The Hustle will be one of 26 teams to compete in what will be called the G-League next season. NBA Development League president Malcolm Turner, who visited Memphis for January’s expansion announcement, referred to the Grizzlies as a model franchise for how the NBA and minor league affiliations should be operated. Selecting a team name and logo were months in the making, and the Grizzlies are in the midst of several events to showcase the Hustle’s launch.
Cyprien, who finished this past season as the Iowa Energy’s interim coach, was officially named the Hustle’s coach on Tuesday, when the team also named Chris Makris as general manager. Revealing the team name and logo Thursday will be followed by Friday’s celebration for the Hustle at Tanger Outlets mall in Southaven, and then Saturday’s Fan Fest at the Landers Center.
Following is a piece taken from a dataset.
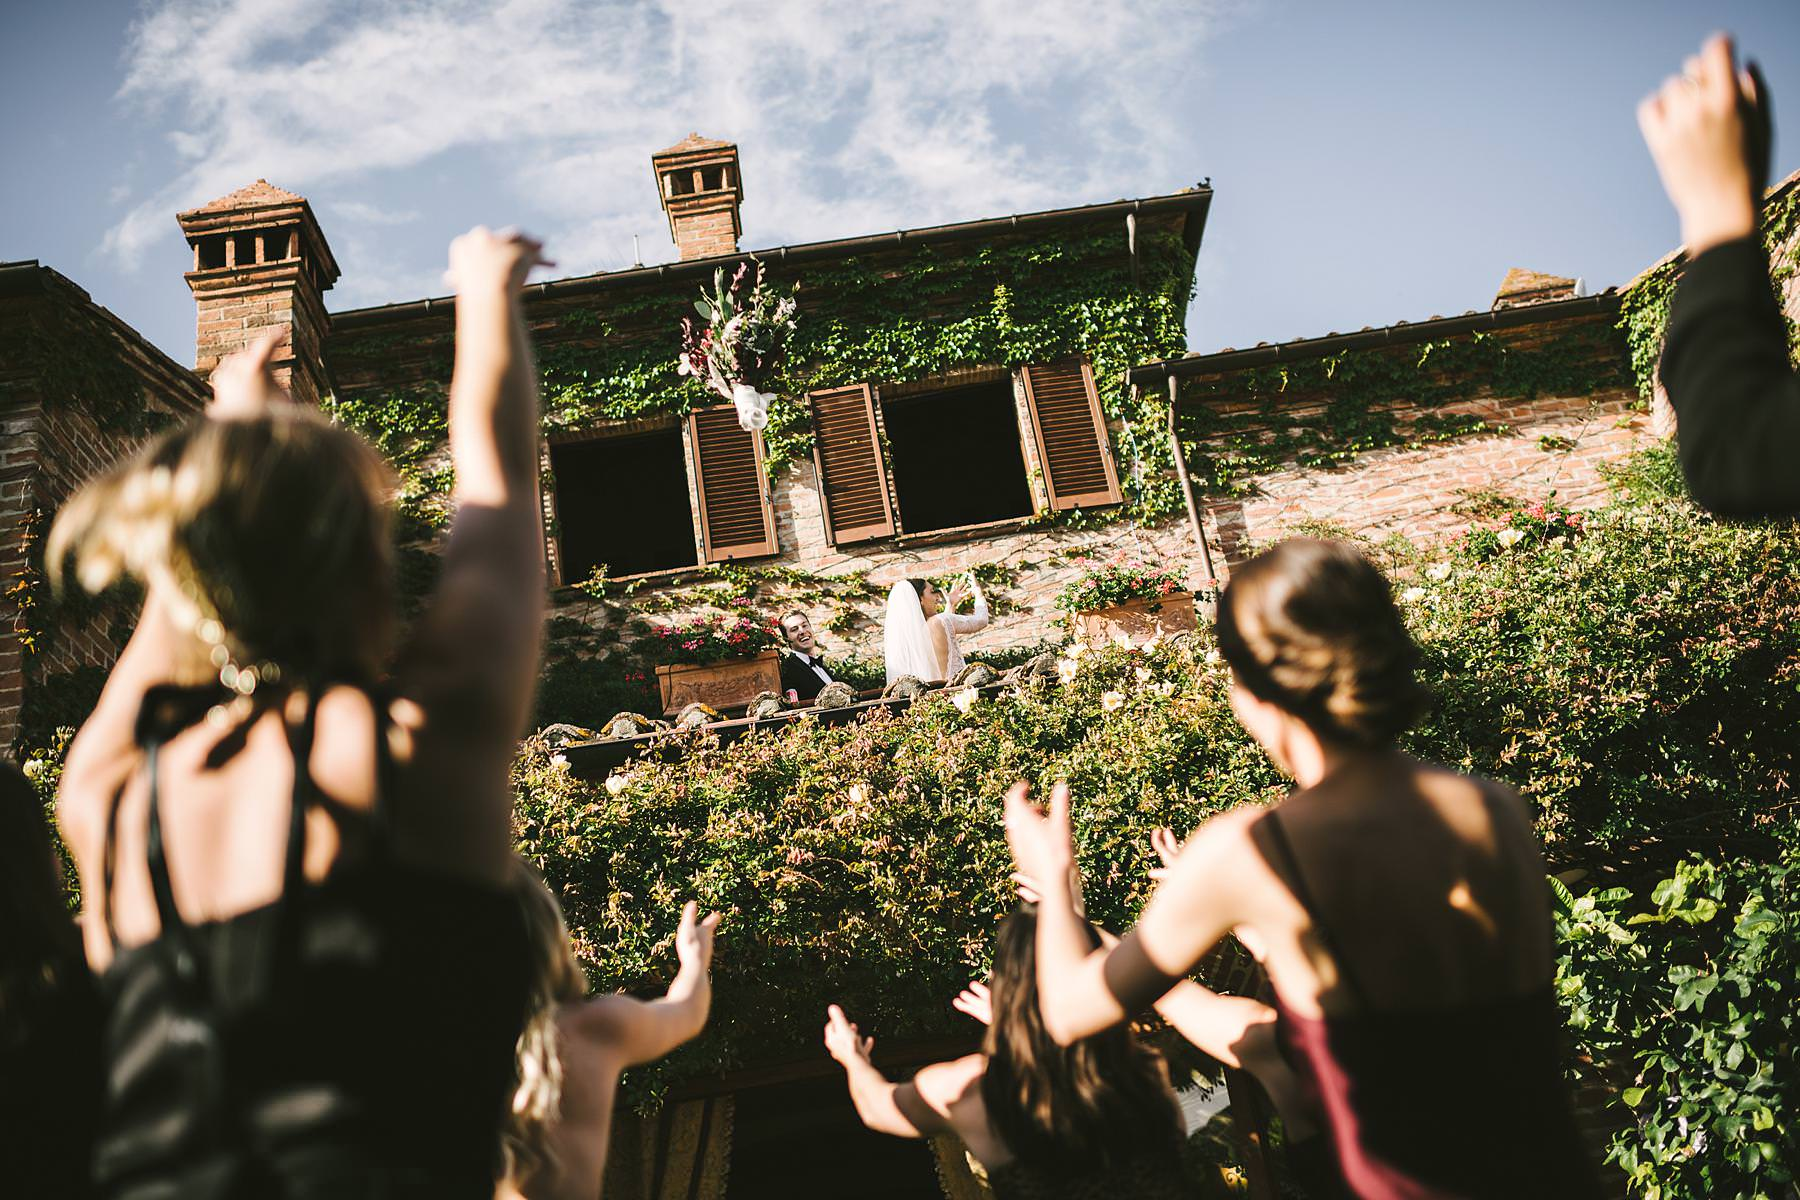 Destination wedding in Umbria at Villa l'Antica Posta, elegance and fun in a nutshell. Bridal bouquet toss

Stuff ain’t going to always go perfect, and you have to go through it to get to it.. That’s what the hustle is. I was going through a process, and I’m still going through a process.-- Wanye Selden
Wexler insists the game-night fan experience at the Landers Center will also reflect the continuity on the court between the Grizzlies and Hustle.
“We’ll not be an outside observer, but an inside partner,” Wexler said. “People affiliated with Grizzlies are in ticket sales, the marketing side and entertainment side. We’ll be able to leverage all of our Grizzlies’ assets to create a better, more positive, more fun, more engaged D-League experience for our fans there than we would otherwise be able to do if they were two or three hours away. We’ll be able to operate from the Landers Center as a second facility.”
If things work out according to Selden’s plan and he continues to impress with the Grizzlies, he won’t have to return to the development league or wear a Hustle uniform anytime soon.
“Stuff ain’t going to always go perfect, and you have to go through it to get to it,” Selden said. “That’s what the hustle is. I was going through a process, and I’m still going through a process. Everybody has their own timetable. You can’t rush your development. And from a mental standpoint, I went in there not the happiest to have to do it. And then once I bought in, that’s when I saw a lot of progress. That’s when I saw things start moving. And by the time I knew it, I was in the playoffs with the Grizzlies.”
That’s why Selden will be on hand for the festivities this weekend to welcome the Hustle. It’s a perfect fit. His journey to the NBA personifies what this new squad that will play at Landers Center is all about.